The play My Old Lady may improve on stage where the audience can maintain a connection with the hard workers performing for us, but Horovitz’s barebones staging of the drama is dull and has movie goers aching as we watch perfectly fine actors (Kevin Kline, Kristin Scott Thomas, Maggie Smith) try and make something out of the material.
I had the same dilemma with last year’s A Master Builder, a Jonathan Demme directed piece and written by Wallace Shawn adapting Henrik Ibsen’s play. Like My Old Lady, Demme had supurb performers but the final product was all wrong and boring to boot. Then again, Shawn made the task difficult by constructing a difficult screenplay.

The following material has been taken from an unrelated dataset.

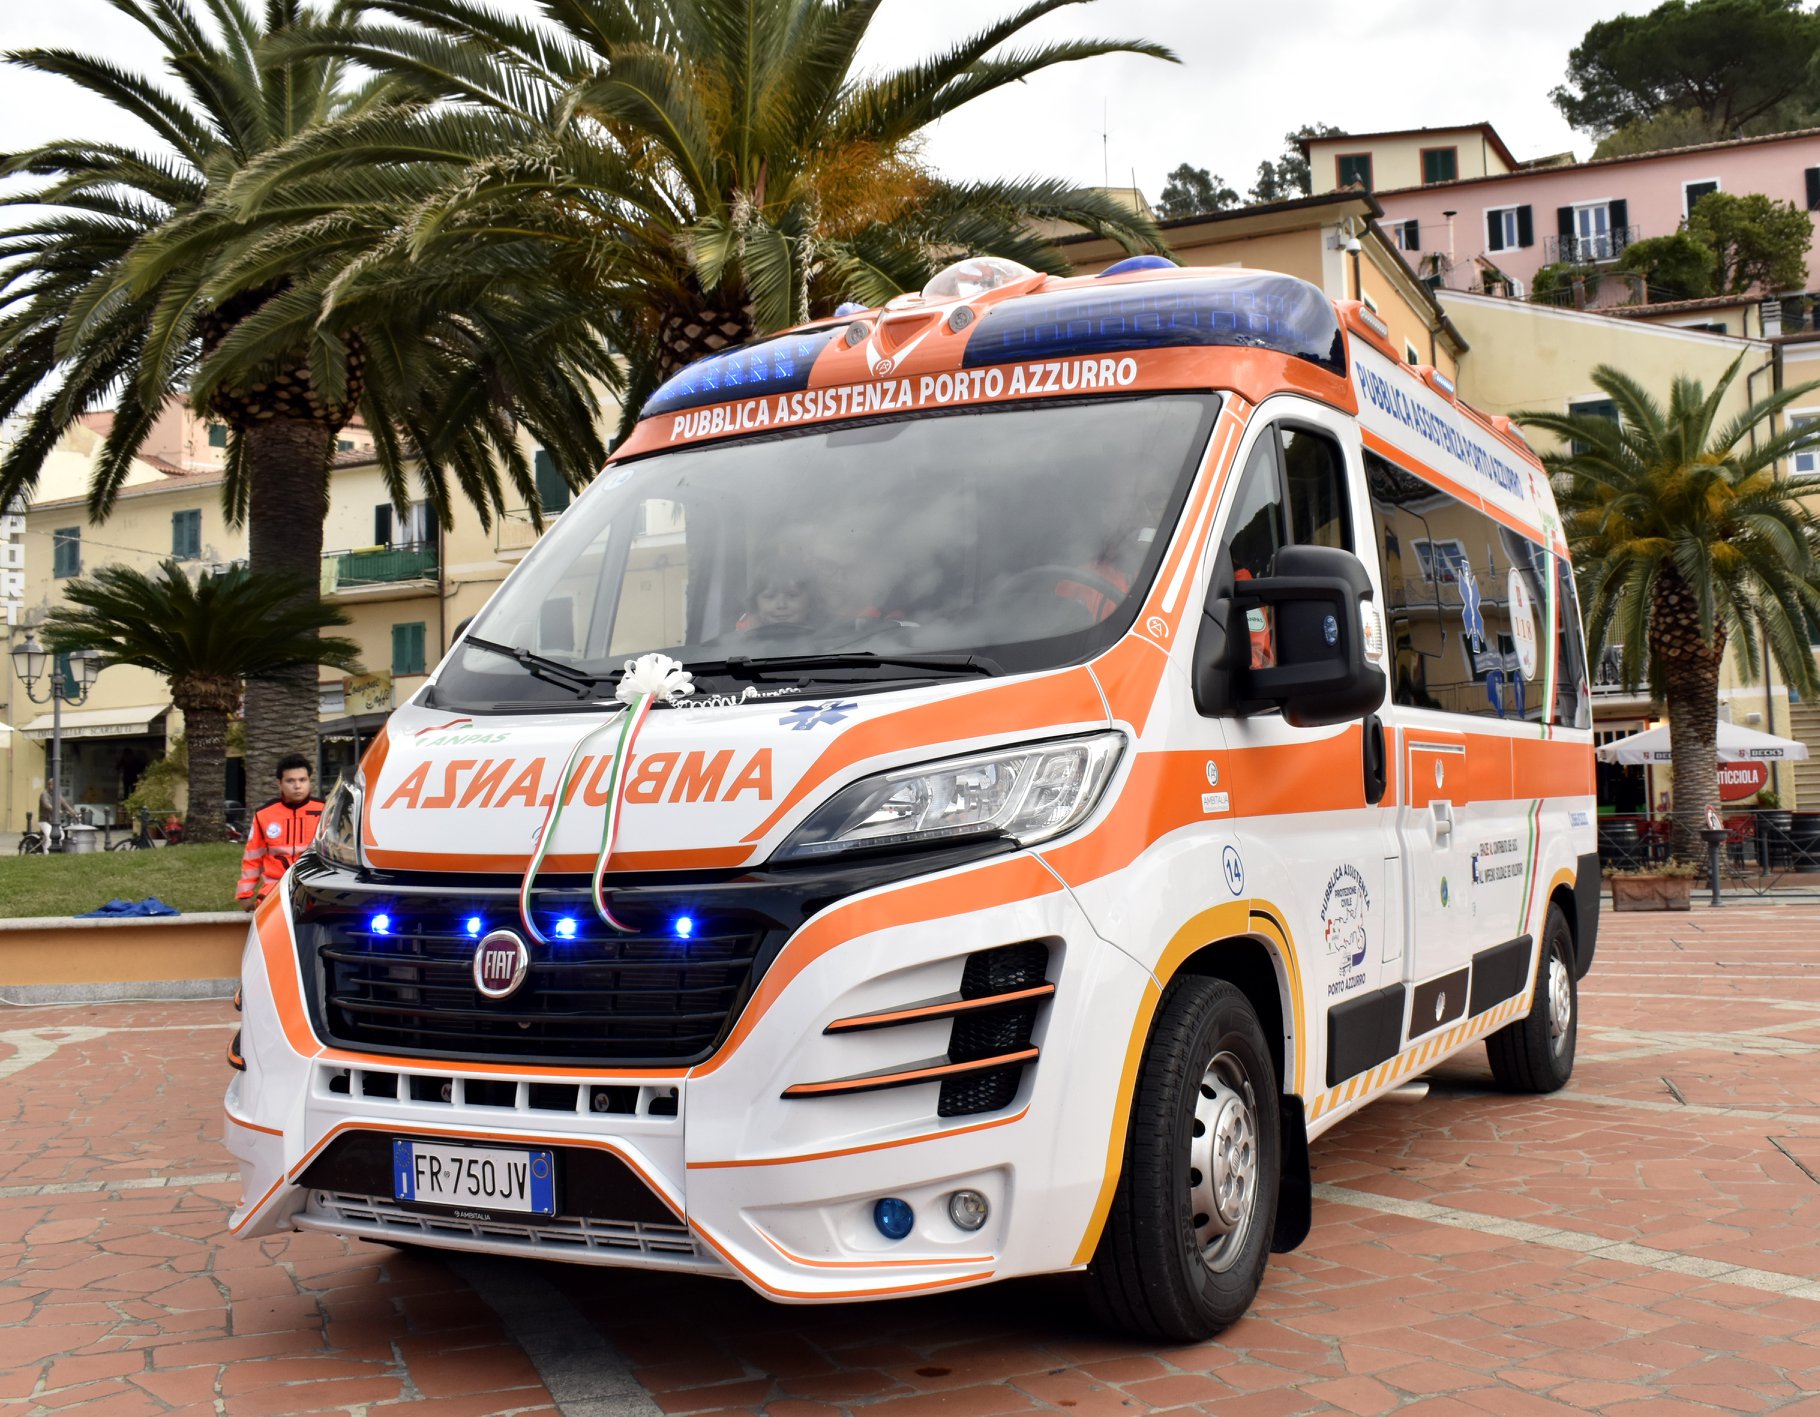 La nuova Ambulanza 118 della Pubblica Assistenza Porto Azzurro

With My Old Lady, Israel Horovitz is working with himself. Even though the film has a slew of producers, no one has told him that the film’s layout is dull. A moviegoing audience doesn’t need non-stop thrills to hold our attention, but we do need upbeat or inspired filmmaking. Horovitz may have had this thought itching his brain, but this lifeless movie leads me to think that the writer/director didn’t want to compromise his original vision. In order for this to work, however, he needed to take on this adaptation with an open mind. If he had, we may have gotten a palpable movie to digest and think about afterwards.
The skilled cast is trying their best, and Klein’s irked performance only makes us wonder what this adaptation would’ve been like under the direction of, let’s say, Dogville’s Lars von Trier or The Perks of Being a Wallflower’s Stephen Chbosky. Again, I may be dead wrong, but this could be the million dollar answer.